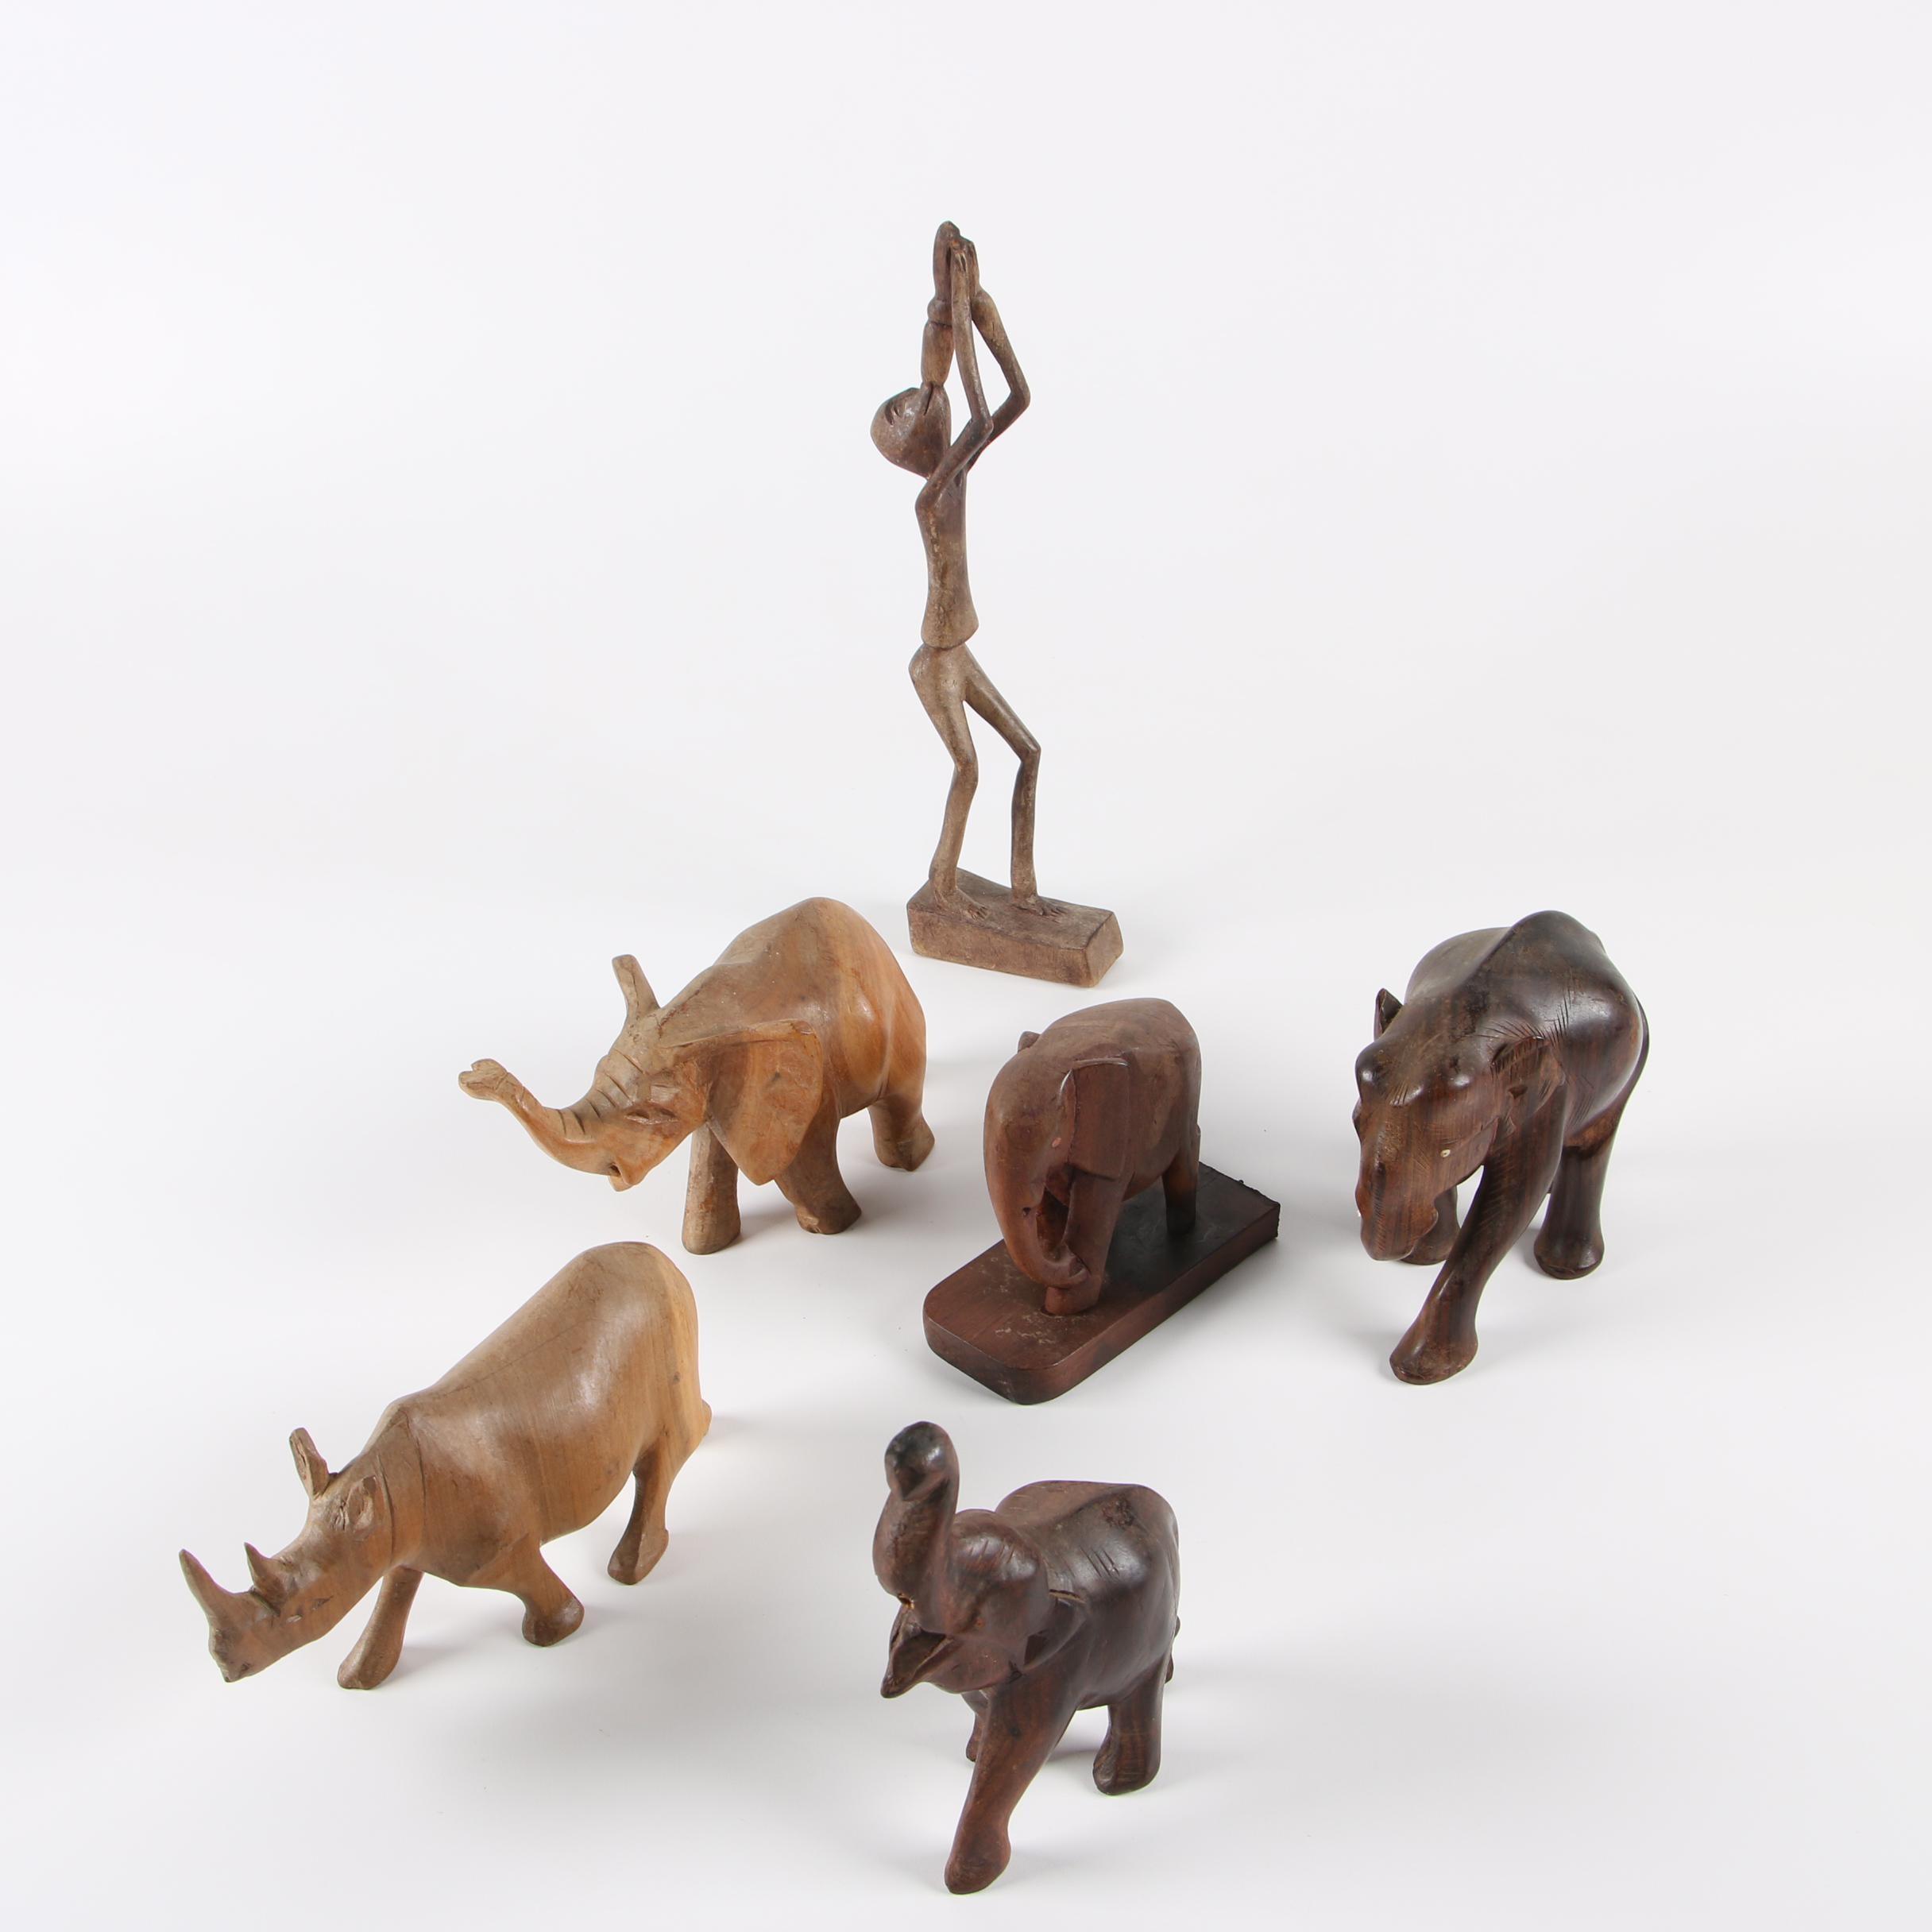 Carved Wood Elephants, Rhinoceros and Figure
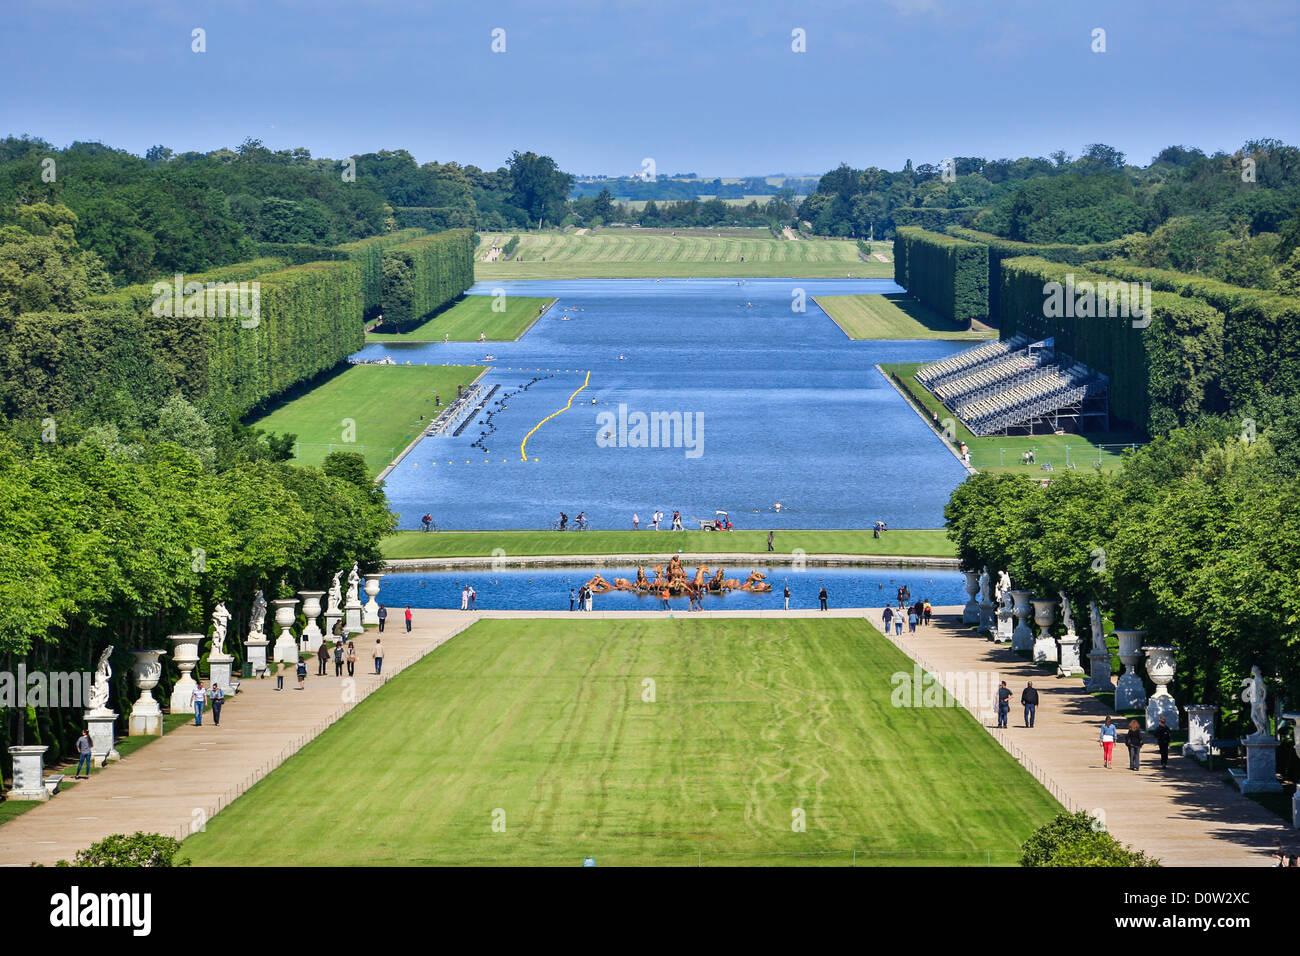 Francia, Europa, viaggi, Versailles, patrimonio mondiale, giardini, dettaglio, architettura, parco, storia, turismo, Immagini Stock
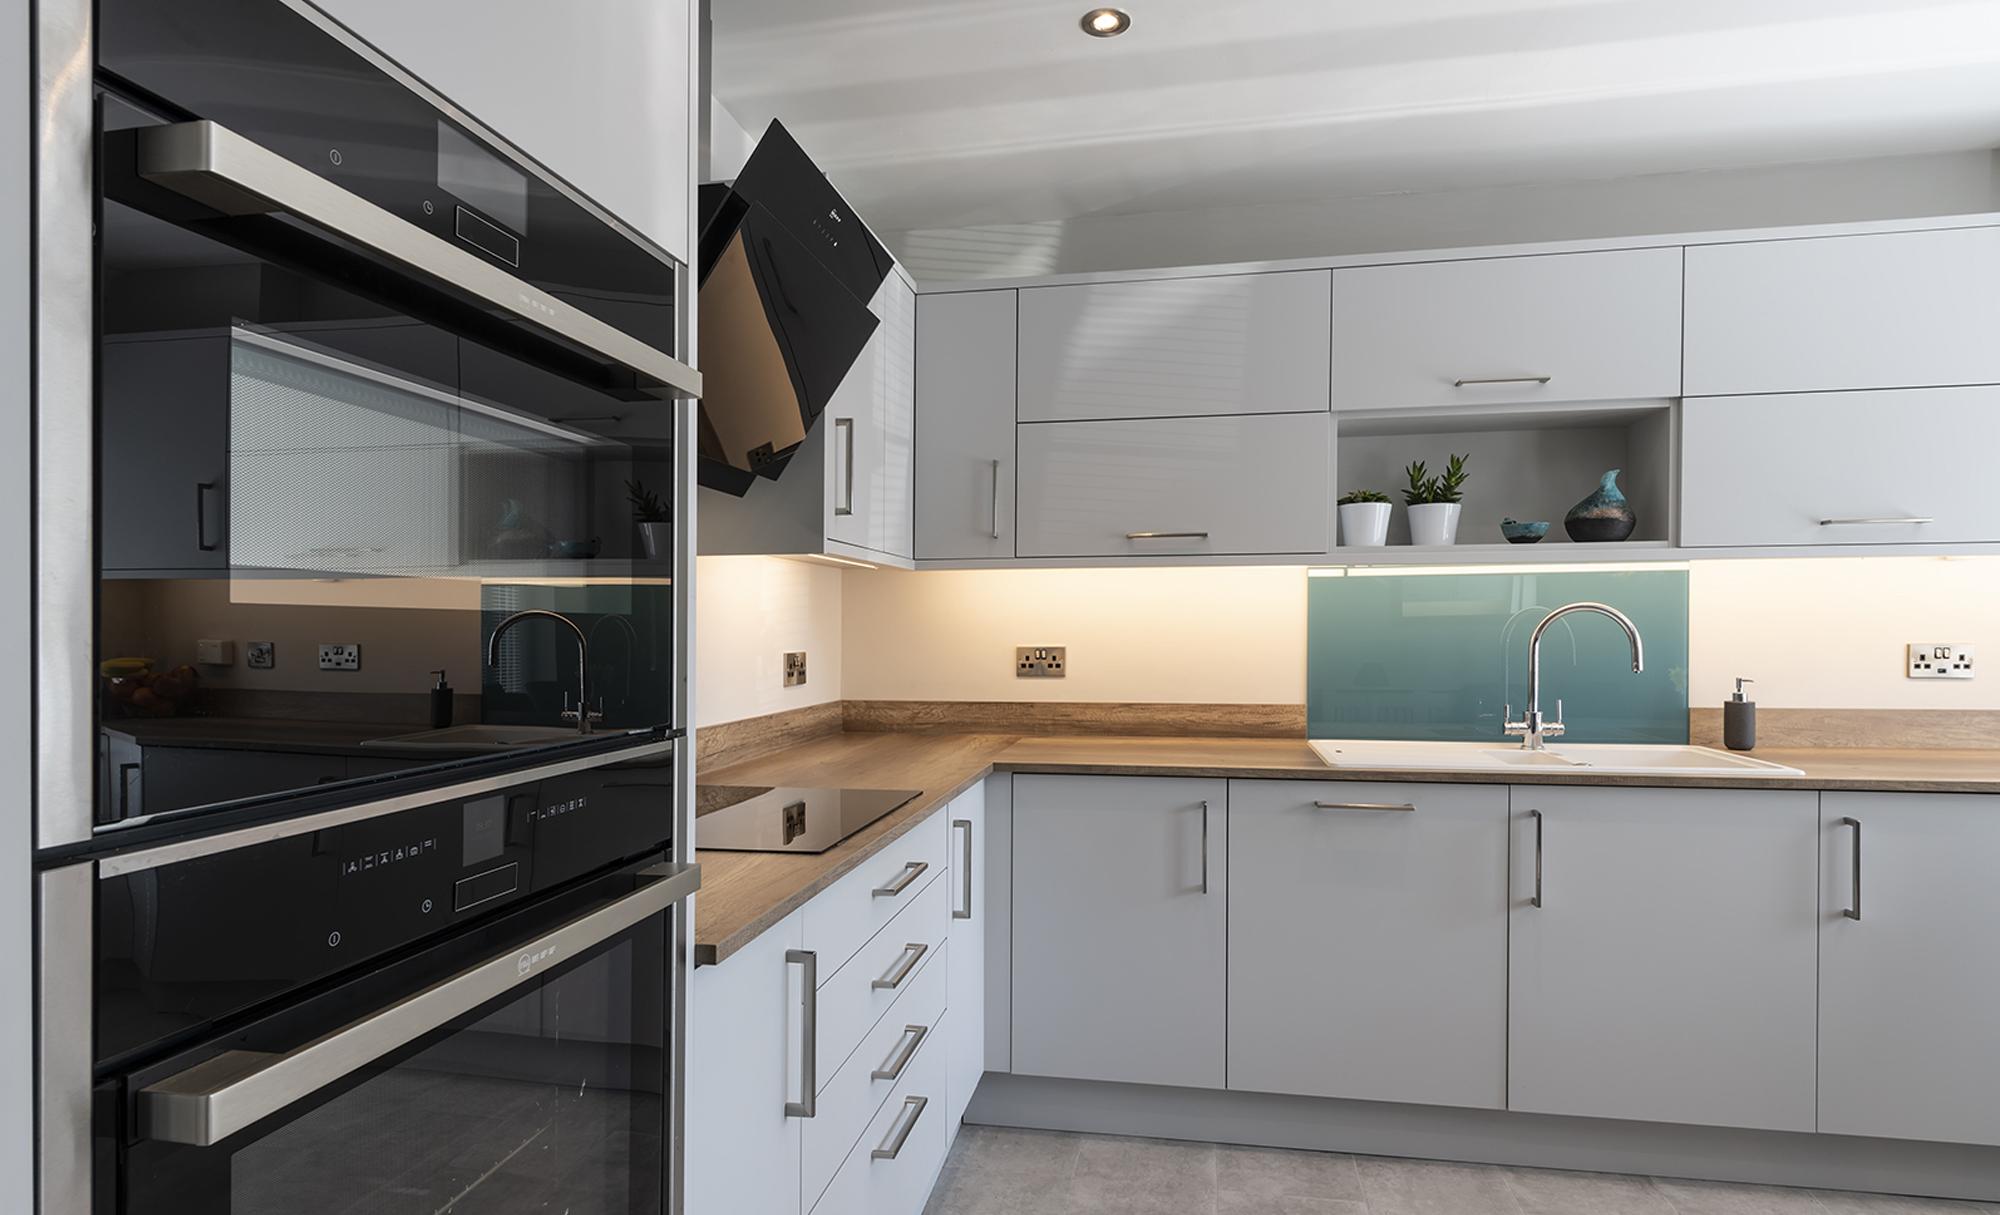 Portishead Kitchens Zola Matte Light Grey Kitchen for Mr & Mrs McElroy, Marina, Portishead

WORK REQUIRED: Find the line containing "Francia, Europa, viaggi, Versailles, patrimonio" in the listing above. Restate it and every line after it, word for word, through the final line, leaving out the pictures.

THE COMPLETED TASK:
 Francia, Europa, viaggi, Versailles, patrimonio mondiale, giardini, dettaglio, architettura, parco, storia, turismo, Immagini Stock
 Portishead Kitchens Zola Matte Light Grey Kitchen for Mr & Mrs McElroy, Marina, Portishead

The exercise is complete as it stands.